▸ Data supplied

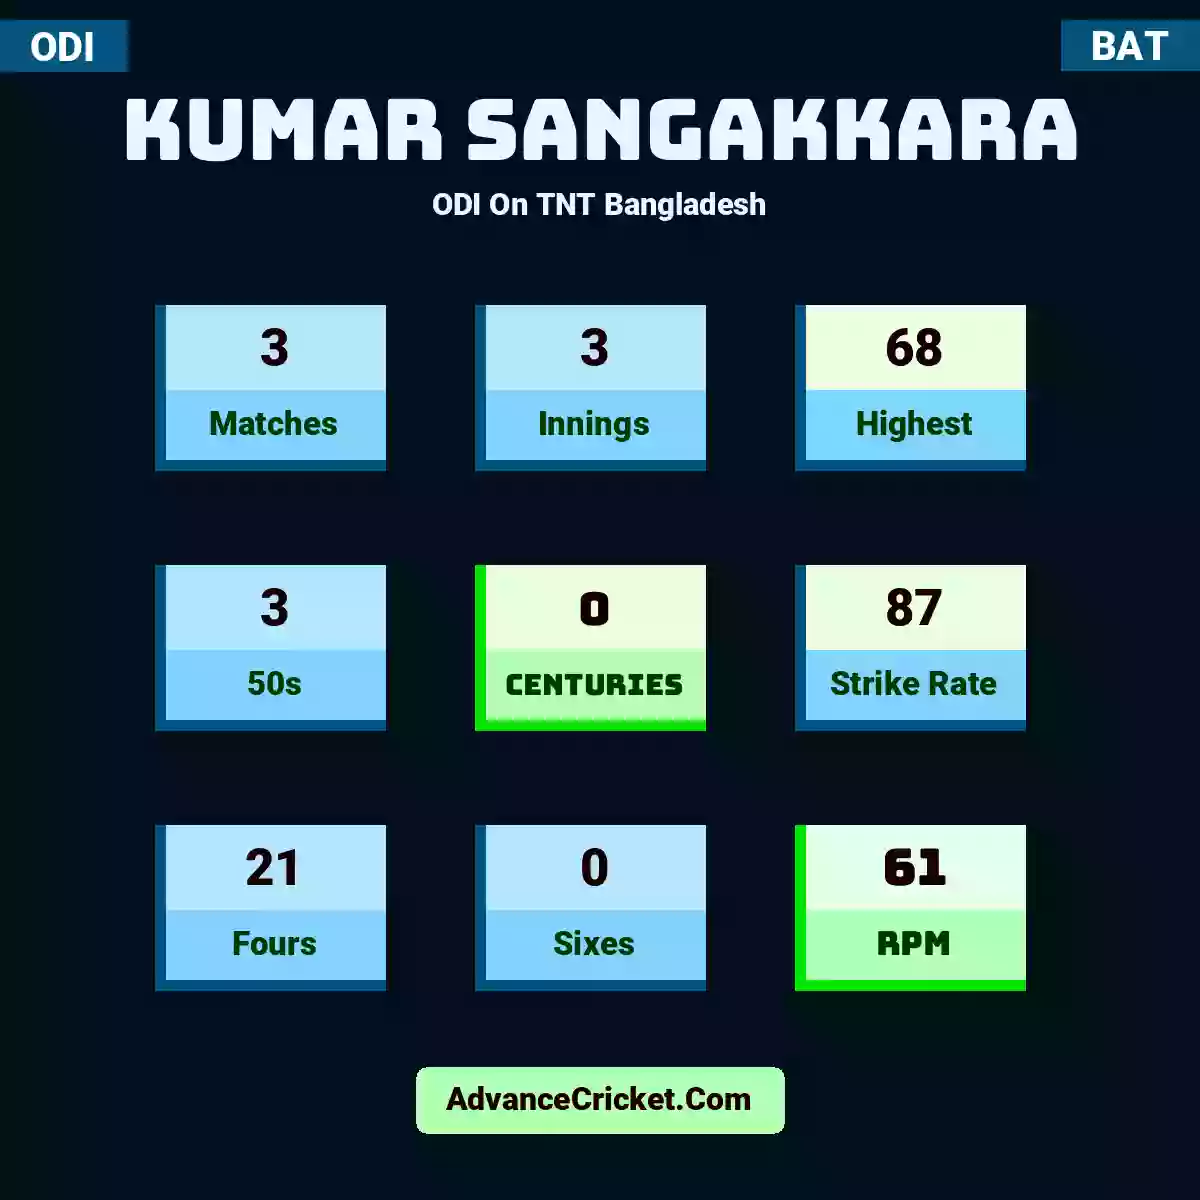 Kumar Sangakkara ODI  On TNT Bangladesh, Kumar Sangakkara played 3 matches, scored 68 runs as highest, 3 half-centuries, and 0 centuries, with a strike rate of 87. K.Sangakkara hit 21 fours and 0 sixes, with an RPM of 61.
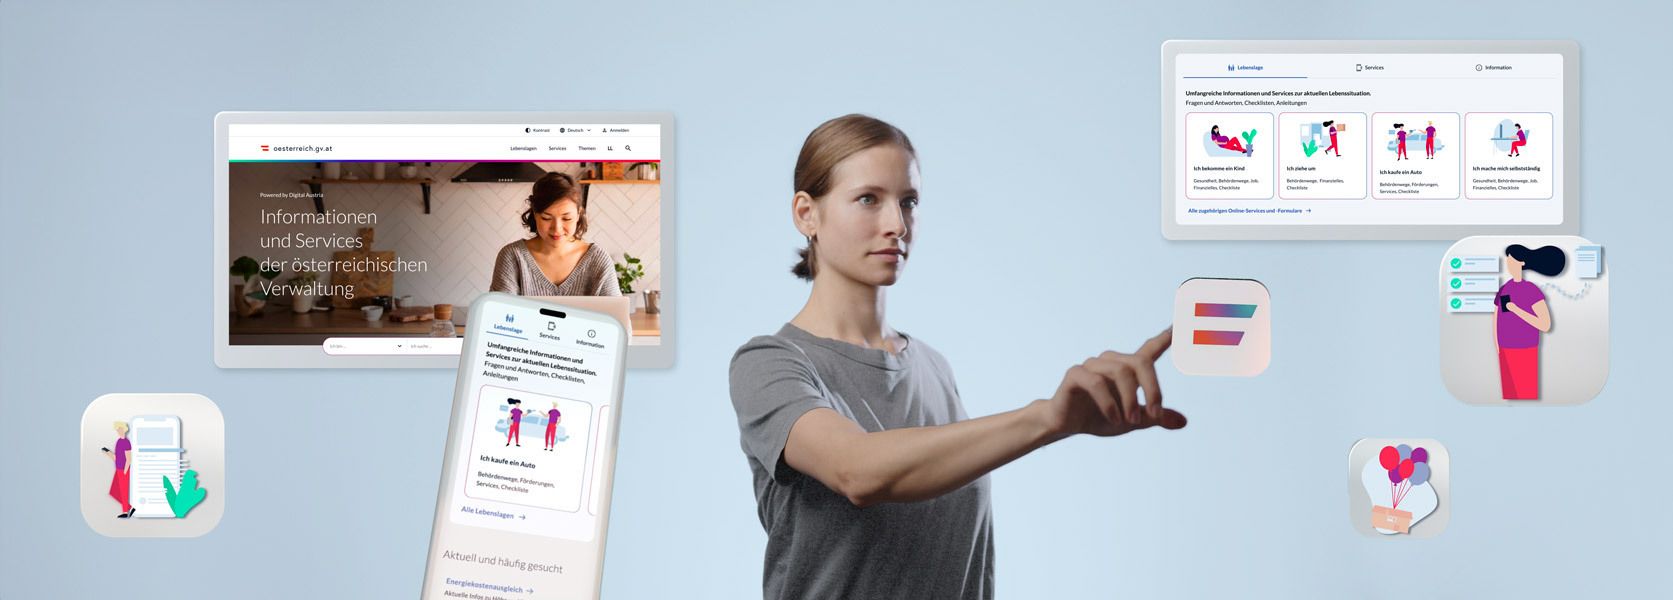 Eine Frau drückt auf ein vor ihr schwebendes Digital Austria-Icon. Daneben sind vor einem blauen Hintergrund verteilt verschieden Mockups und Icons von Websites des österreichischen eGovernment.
--
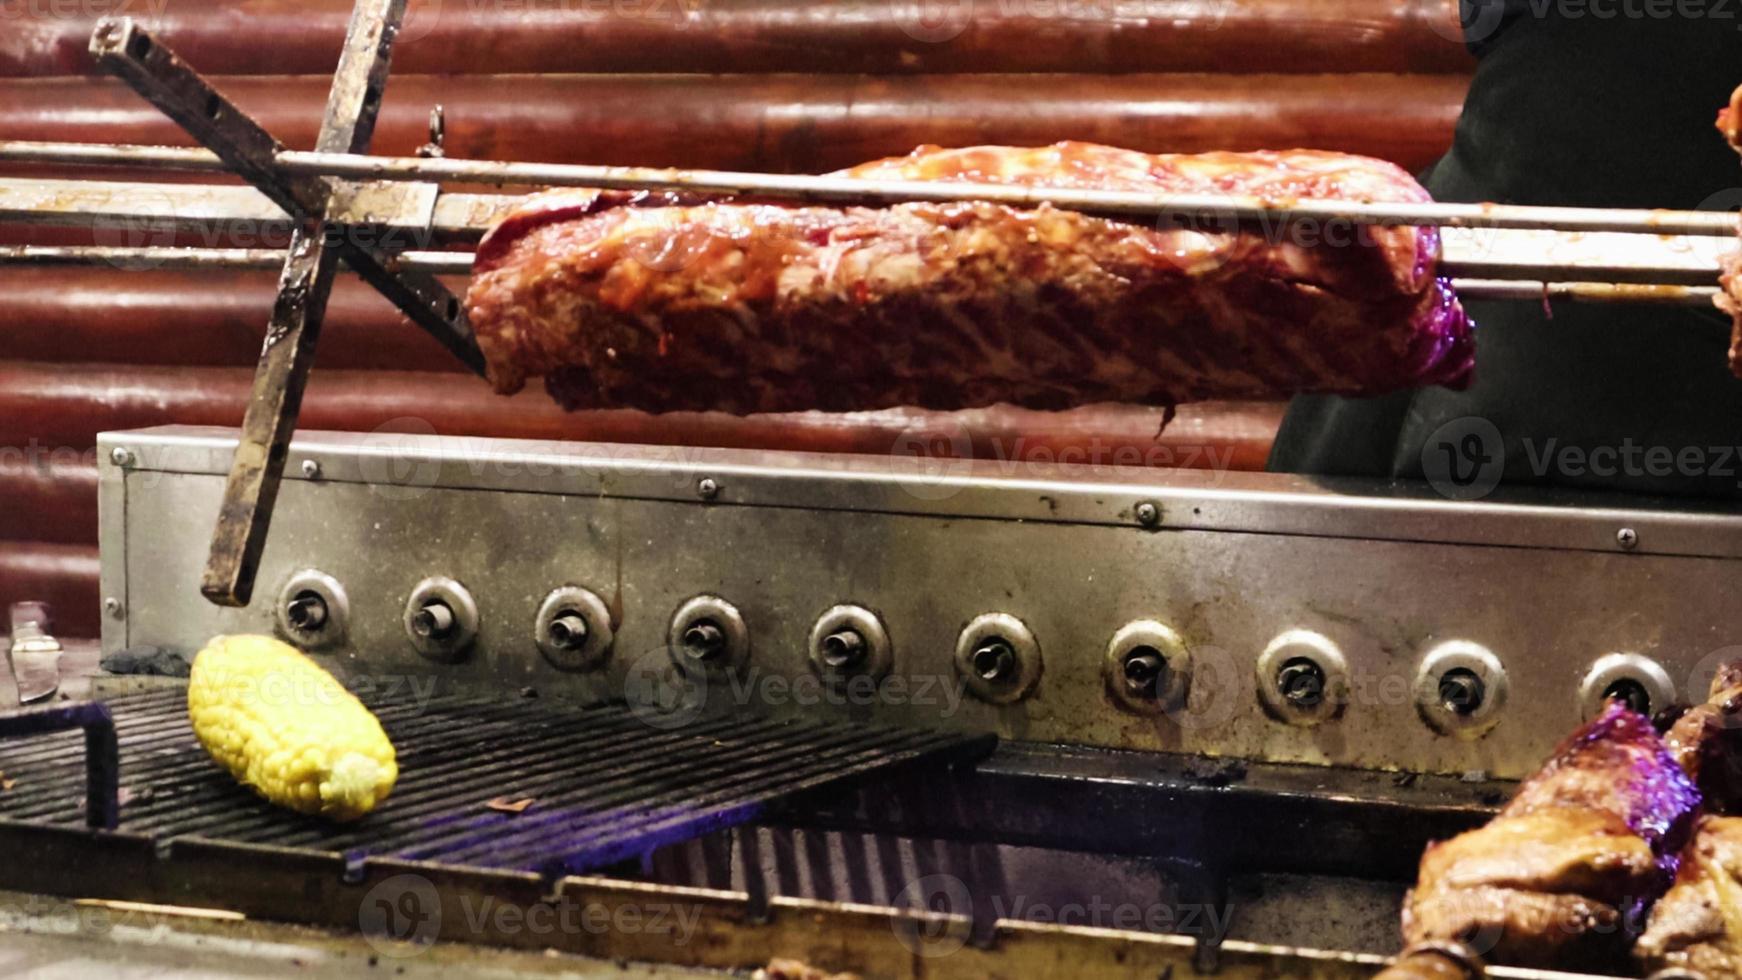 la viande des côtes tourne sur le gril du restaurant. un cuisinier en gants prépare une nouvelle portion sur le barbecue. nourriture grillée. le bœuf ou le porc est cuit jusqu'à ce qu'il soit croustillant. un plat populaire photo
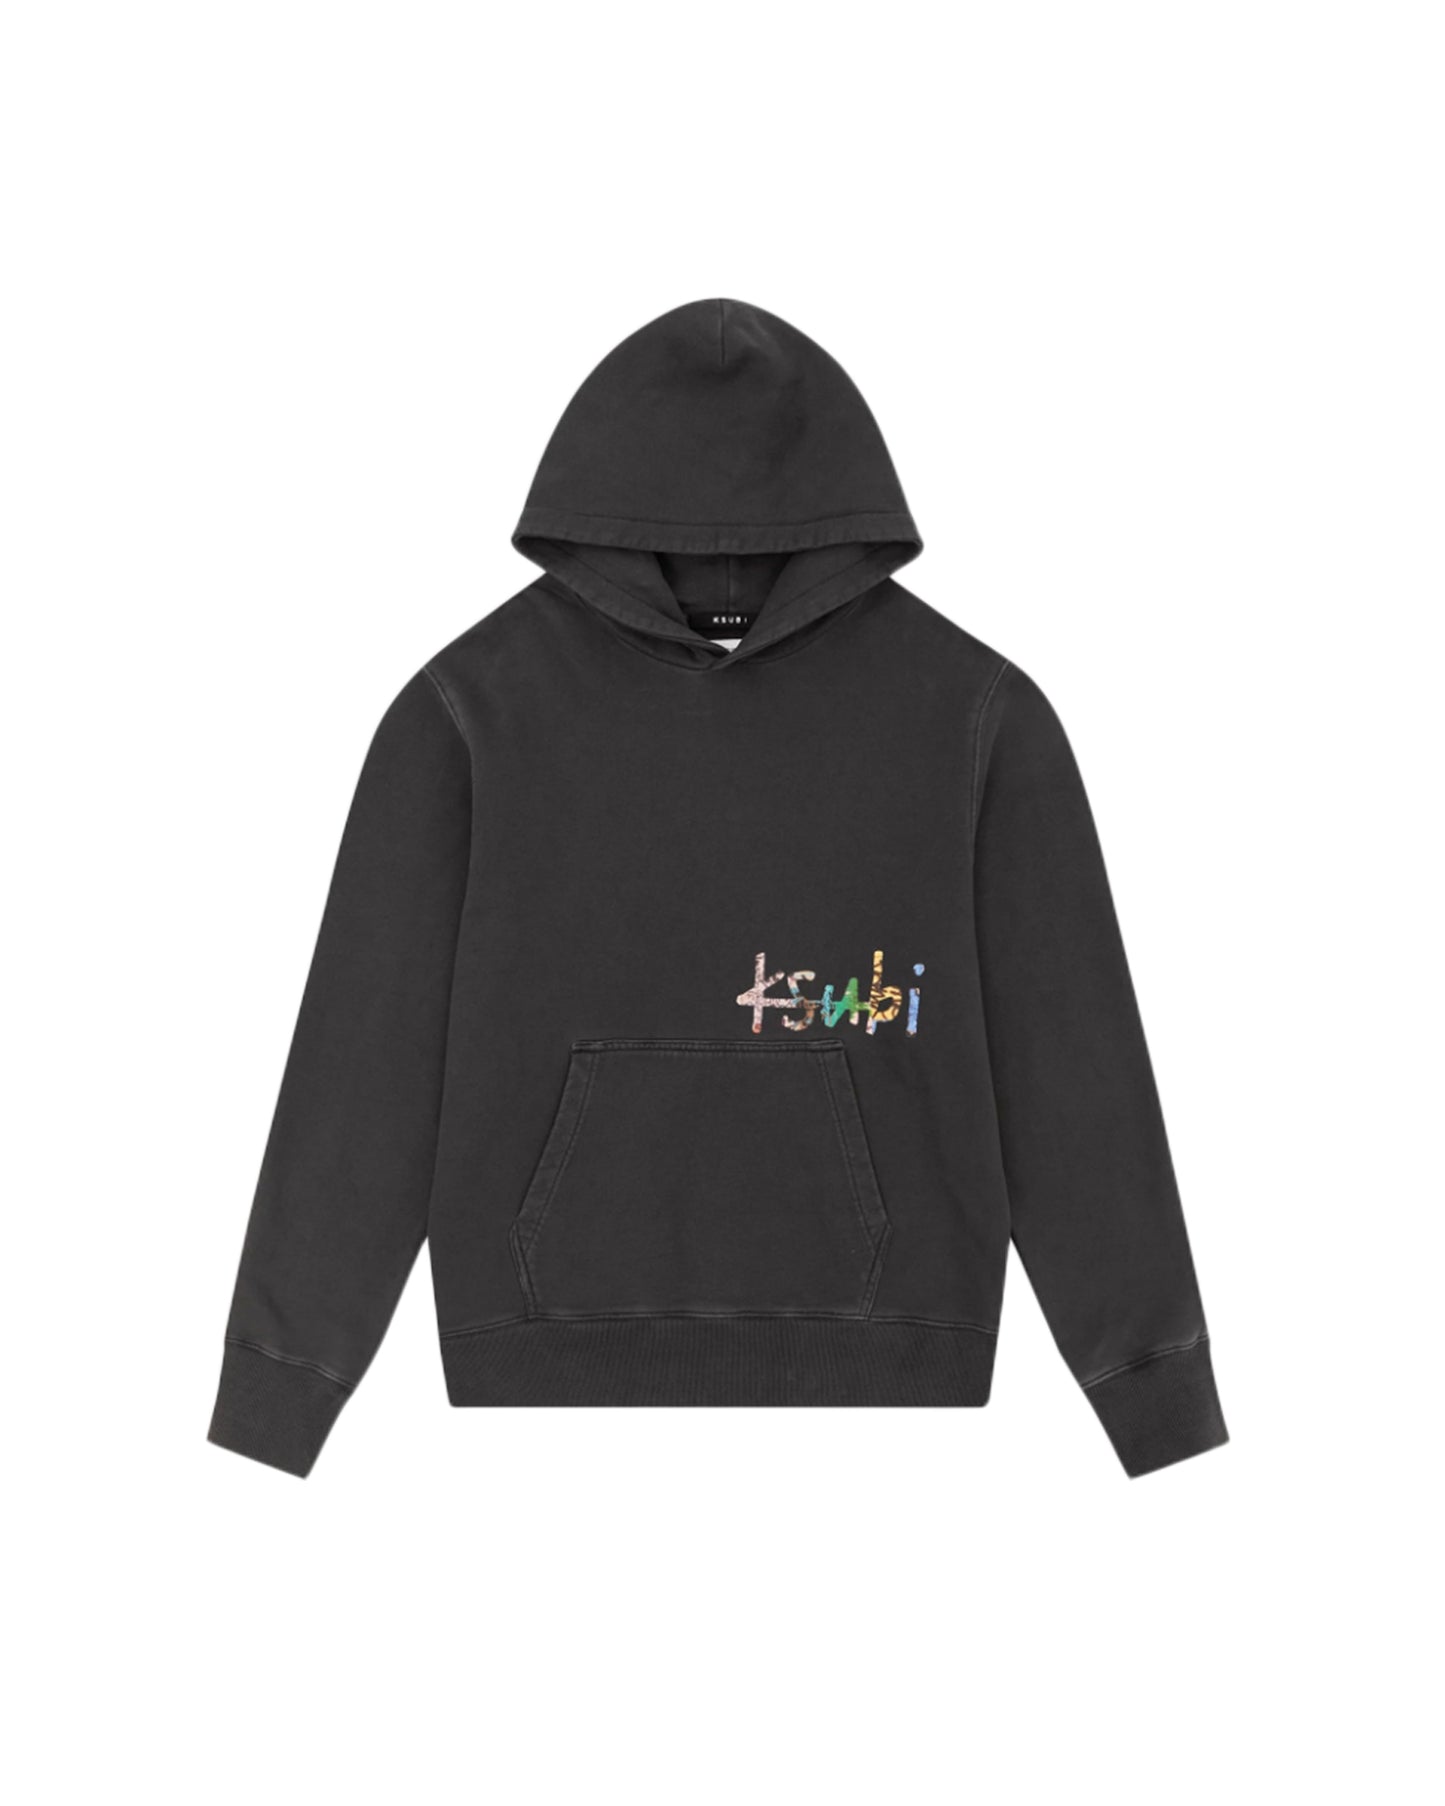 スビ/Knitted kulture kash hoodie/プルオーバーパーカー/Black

▸ Task description
Copy word for word the lines of the records above from the one with "Kumar Sangakkara ODI" up to and including the one with "Eine Frau drückt". Skip the pictures.

▸ Response to the exercise
 Kumar Sangakkara ODI  On TNT Bangladesh, Kumar Sangakkara played 3 matches, scored 68 runs as highest, 3 half-centuries, and 0 centuries, with a strike rate of 87. K.Sangakkara hit 21 fours and 0 sixes, with an RPM of 61.
 Eine Frau drückt auf ein vor ihr schwebendes Digital Austria-Icon. Daneben sind vor einem blauen Hintergrund verteilt verschieden Mockups und Icons von Websites des österreichischen eGovernment.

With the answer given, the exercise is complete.